Continuity often gets conflated with mediocrity. Nobody wants Marvin Lewis and Andy Dalton; they want Zac Taylor and Joe Burrow. But an ownership group that seeks to have the same people in place are not settling for middling results. It’s a winning formula — but only if the people you have in place can win you a championship and you can be assured that your commitment to continuity doesn’t adversely affect the people you put in power.

Rick Spielman had been with the Vikings since 2006 and took over as general manager in 2012. Mike Zimmer has coached them since 2014. Continuity turned Spielman into a recluse and Zimmer into a tyrant. Spielman spoke to the media only when required to by the league, and Zimmer failed to greet his players in the hallways and engineered a “fear-based” culture.

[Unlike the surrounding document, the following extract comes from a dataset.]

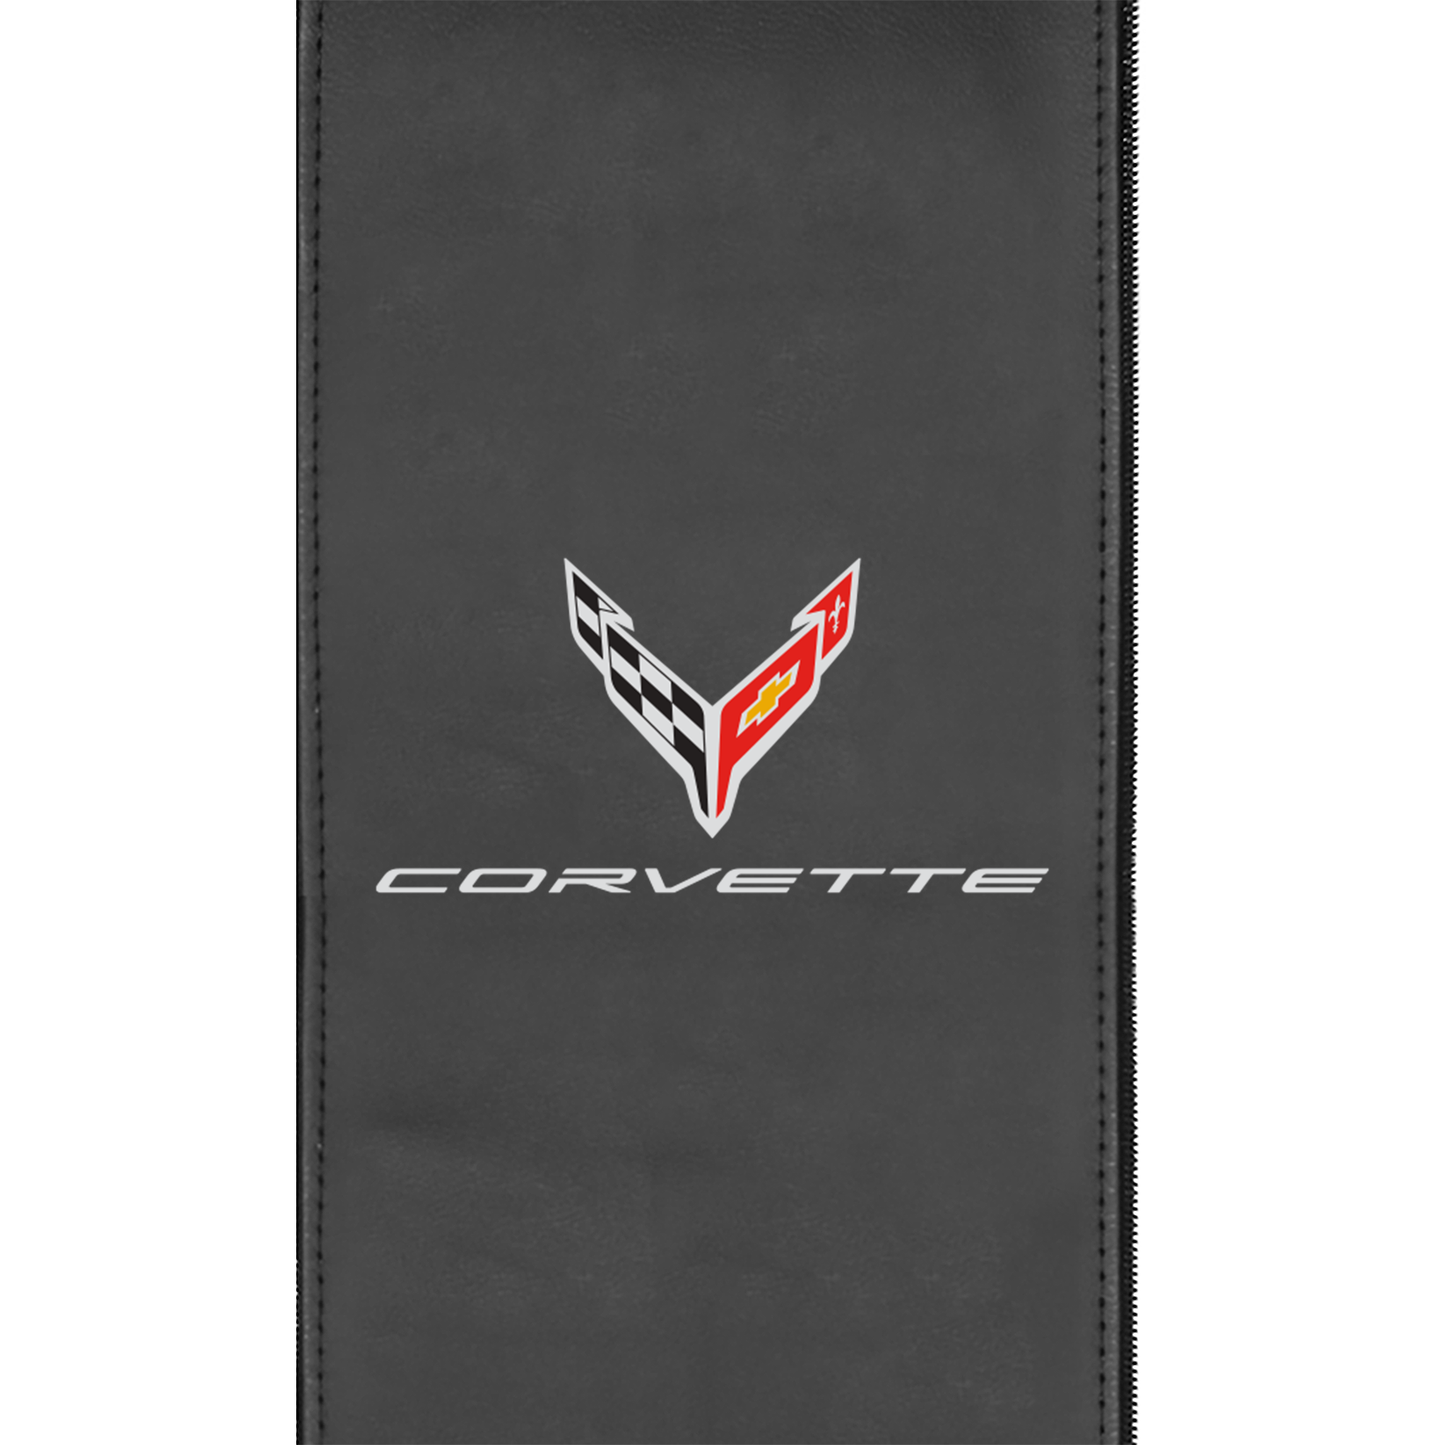 Silver Loveseat with Corvette Signature Logo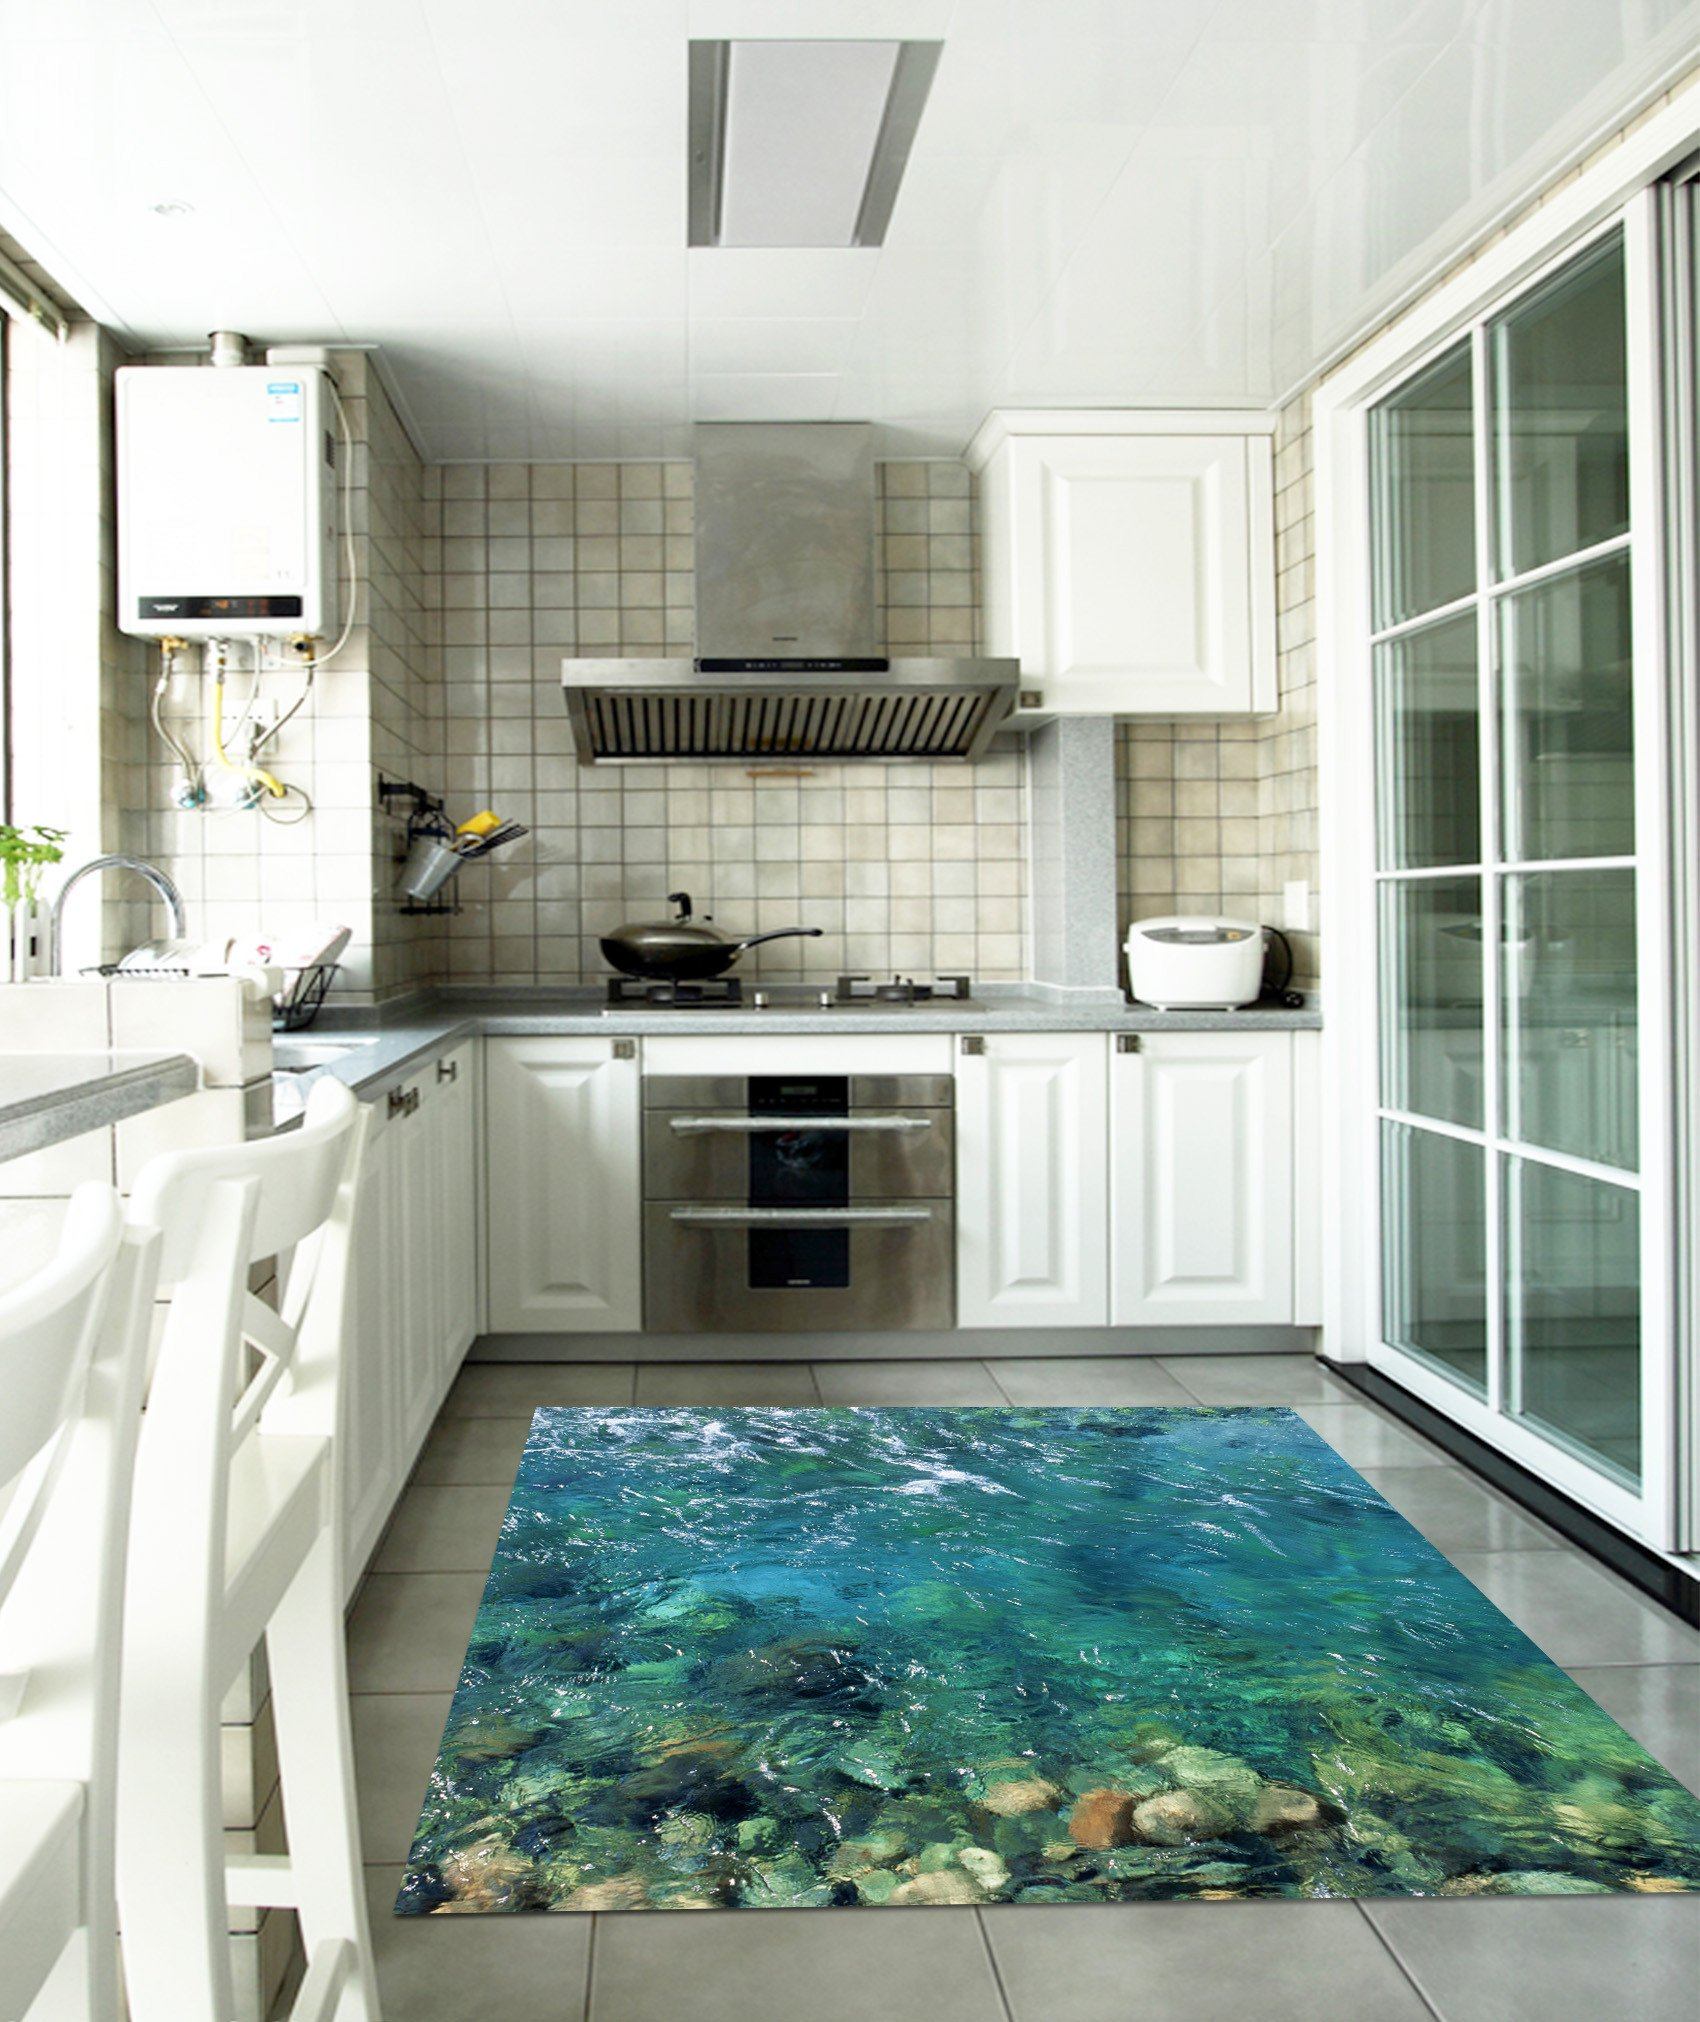 3D Flowing Water Kitchen Mat Floor Mural Wallpaper AJ Wallpaper

Both of them had their merits, as well. Spielman knew how to read the draft board, and he found value with his late selections. Zimmer’s defenses were innovative, and he maximized great players like Smith, Anthony Barr, and Xavier Rhodes.

But their once-endearing quirks became vices over time.

Spielman understood late-round value but started hoarding a concerning amount of picks. Trading for Sam Bradford seemed like warranted urgency. The Yannick Ngakoue and Chris Herndon deals seemed reckless. By being more available to the public, he would have better explained how he values picks and why he feels the need to add players immediately before the season.

Similarly, Zimmer was initially embraced for his curmudgeonly behavior. Who doesn’t embrace a guy who uses his platform to flame-broil McDonald’s for shorting him a burger? He loves his players, but he doesn’t suffer fools! In Zim we trust! However, he eventually became difficult to play for, especially for younger players. That’s not a winning formula in a league where rookies are expected to make an immediate impact.

What made their behavior particularly difficult to explain is that they had more job security than almost anyone else in the league. Spielman could botch a trade or miss on a draft class, and Zimmer didn’t have to win 10 games every year. They both had money left on their contracts when the Wilfs dismissed them.

Ultimately, the Wilfs will benefit from their commitment to continuity, even if Spielman and Zimmer never built a contender. Not only have the Vikings been relevant most of the time they’ve owned the team, but they have trusted people within the organization who are helping them with their GM and coaching search. Chief among them is cap wiz Rob Brzezinski, who has been with the organization since 1999.

It looks like they’ve narrowed down their GM search to Ryan Poles and Kwesi Adofo-Mensah. Whoever they choose will select the next coach. Maybe the Vikings will find their next Payton and Loomis or Tomlin and Colbert. But they might not.

The Wilfs aren’t football people, but they need to do two things. They need to ensure the people they have in place will take the Vikings to heights they never reached under Zimmer and Spielman. And they need to make sure that whoever they hire creates the culture they want and is transparent in their actions.